Waweru, J proceeded to allow the appeal before him.
I have carefully considered the appellant’s arguments and the decisions of the Courts above. I completely agree with the above quoted decision as it affects this appeal before me. It cannot be easily proved that the police to whom the Appellant herein had reported, were under direction or control of the complainant when they decided to arrest the Respondent. Unless there is evidence to the contrary, the police after receiving an official complaint from a citizen, make an independent decision whether or not to act on the report to arrest and later to charge the suspect on a possible offence. Put differently, the police become the main actors in the decision whether or not to arrest and charge a person reported to them.
In those circumstances the police should logically and indeed necessarily be enjoined in any suit arising afterwards out of their above stated conduct.
I was not given the benefit of reading the cited Court of Appeal decision in the case of Jediel Nyanga vs Silas Mucheke to understand the stare decis therein as the judgement was not annexed. I however, believe that the logic in it was that since the main actors in the process of decision making to arrest and charge a suspect, lies with the police who receive a report from a party, then it follows that any reasonable cause of action arising therefrom, can only properly and squarely face the police as the main actors. Otherwise the civil suit arising, cannot raise a reasonable cause of action against the party who merely reports to the police and whose report the police can ignore if the circumstances and facts do not warrant arrest or for any other reason.
It also means that a civil suit filed without enjoining the police who were the main actors in constituting the reasonable cause of action therein, has no chances of succeeding. It should not accordingly be left to go to a hearing since that would be a pure waste of time and resources. Hence the basis of striking it out before or at the hearing stage.
It is clear in my mind therefore, that where the plaintiff in the circumstances stated above, files a civil suit by a plaint which omits enjoining the police as party, the suit can be ruled to be showing no reasonable cause of action and should be struck out before or during the hearing. The trial court in this case in my view recognized that position at the end of the Magistrate’s ruling which is the one targeted by this appeal, when he stated thus:-
“……..As the police has not been joined as a party, this is a matter that can be addressed by the plaintiff amending the plaint and enjoining the Attorney-General as a defendant.”
It seems to me however, that the lower court magistrate using his discretion, decided not to strike out the plaint but to give the plaintiff an opportunity to amend his plaint, to enjoin the police and the Attorney-General, before the next hearing date. The Resident Magistrate clearly appears to have acted ‘suo motto’ since there is no evidence on record that the plaintiff/Respondent, sought leave of court to amend his plaint.
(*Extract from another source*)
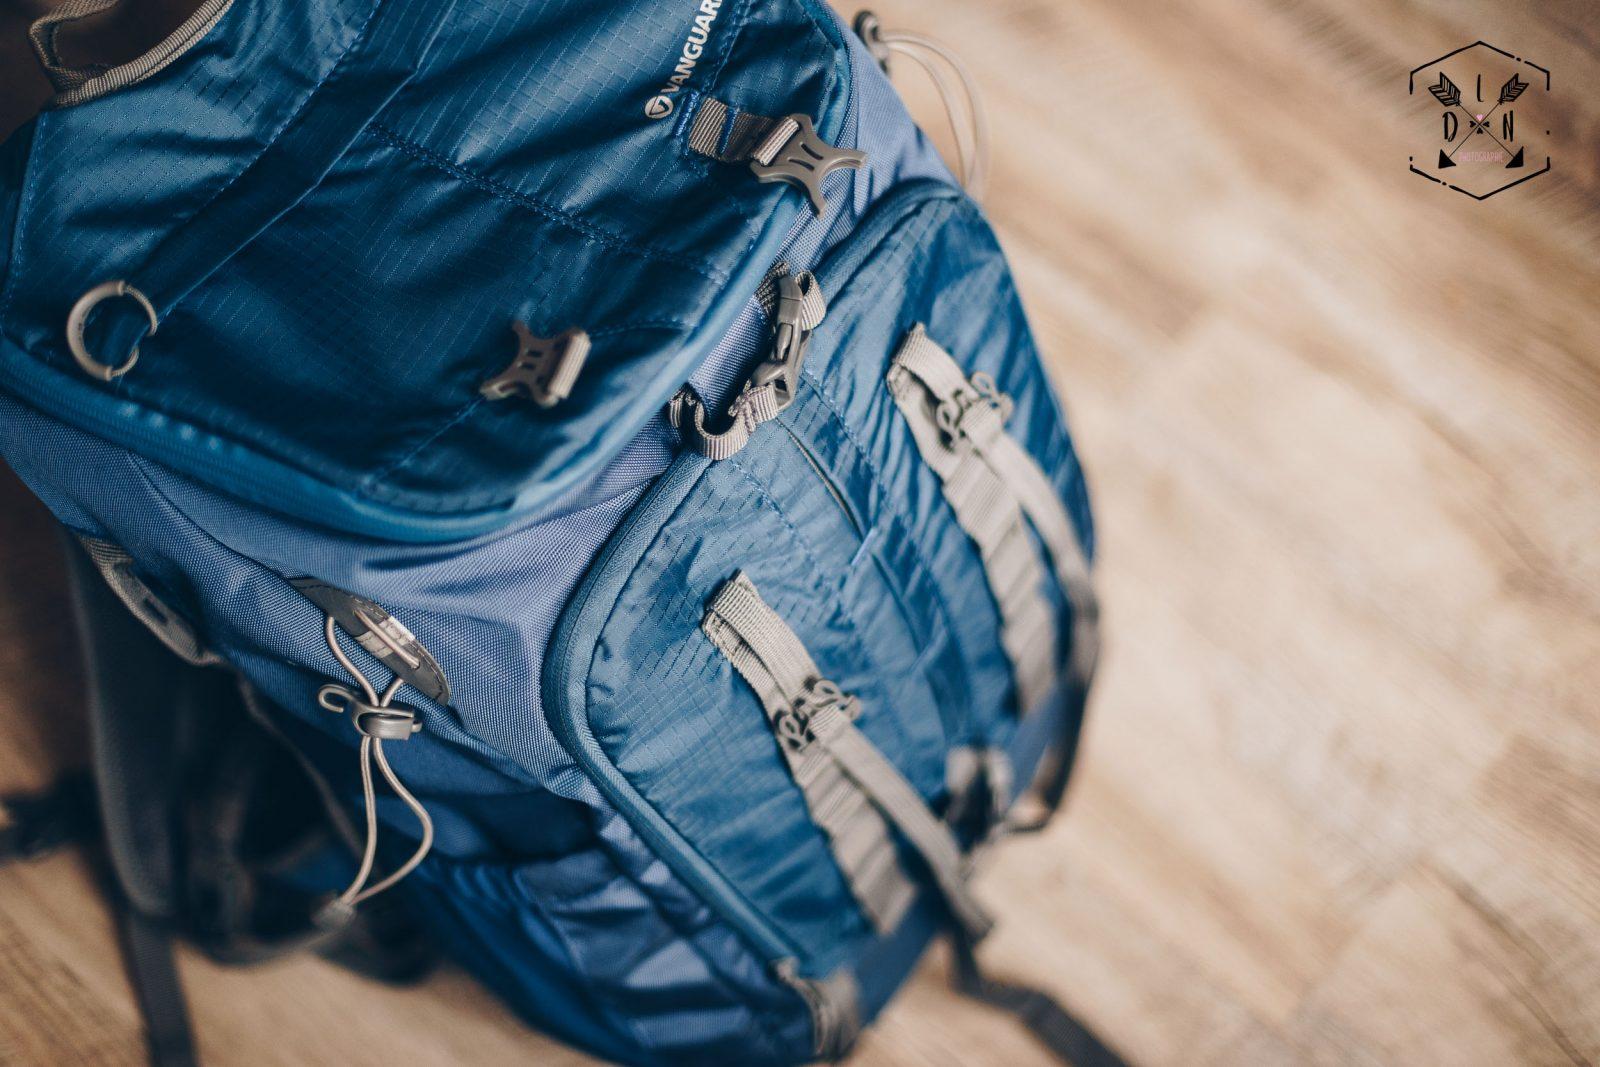 sac photo Sedona 51 vanguard, matériel photo pour voyage, sac photo randonnée et ville, L'oeil de Noémie blogueuse photo et voyage
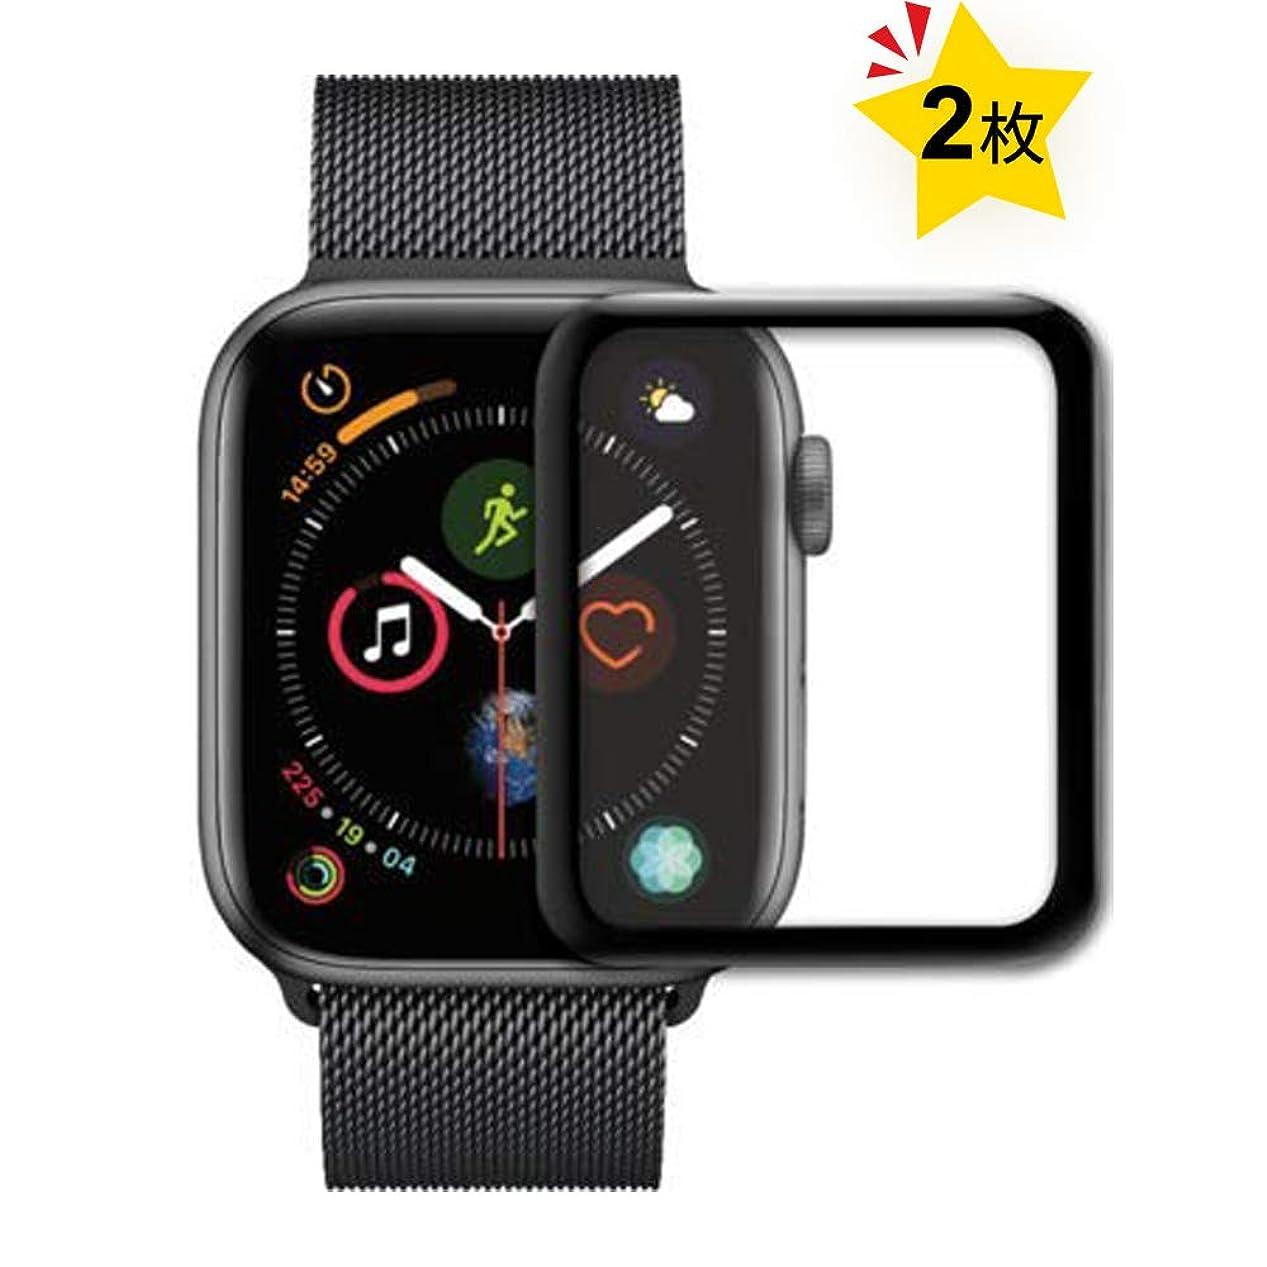 離婚フィクション素子【2枚セット】Apple Watch 44mm フィルム Apple Watch Series 4 ガラスフィルム 【日本製素材旭硝子 】[3D全面保護 弧状のエッジ加工 HD画面対応 気泡防止 高透過率 貼り付け簡単] 強化ガラス (ブラック)

The said court, in my opinion, hath the power and discretion to do so under former Order VIA Rule 5 of the Civil Procedure Rules which state as follows:-
“For the purpose of determining the real question in controversy between the parties, or of correcting any defect or error in any proceedings, the court of its own motion or on the application of any party may order any document to be amended in such a manner as it directs and on such terms as to costs or otherwise as are just.”
The above rule has been sustained as Order 8 rule 5.
The position this court has taken must be clarified, however. Had the lower court decided to proceed and, had it proceeded with the hearing of the suit without exposing the plaint to amendment, this court being bound by the Court of Appeal case earlier discussed, would have allowed this appeal on the same principle therein cited.
The lower court did not state the reason why it exercised its discretion suo motto, in favour of sustaining the suit instead of striking it out. In my opinion however, it is now trite that where the court has reasons for and against sustaining a suit, it would consider it more appropriate and in the interest of justice, to sustain the suit, so that a party would have his day in court. This would sustain a party’s right to prosecute his case or defend his case, as the case may be. That would also in general, sustain greater access to justice, a policy now strongly recommended under the Constitution.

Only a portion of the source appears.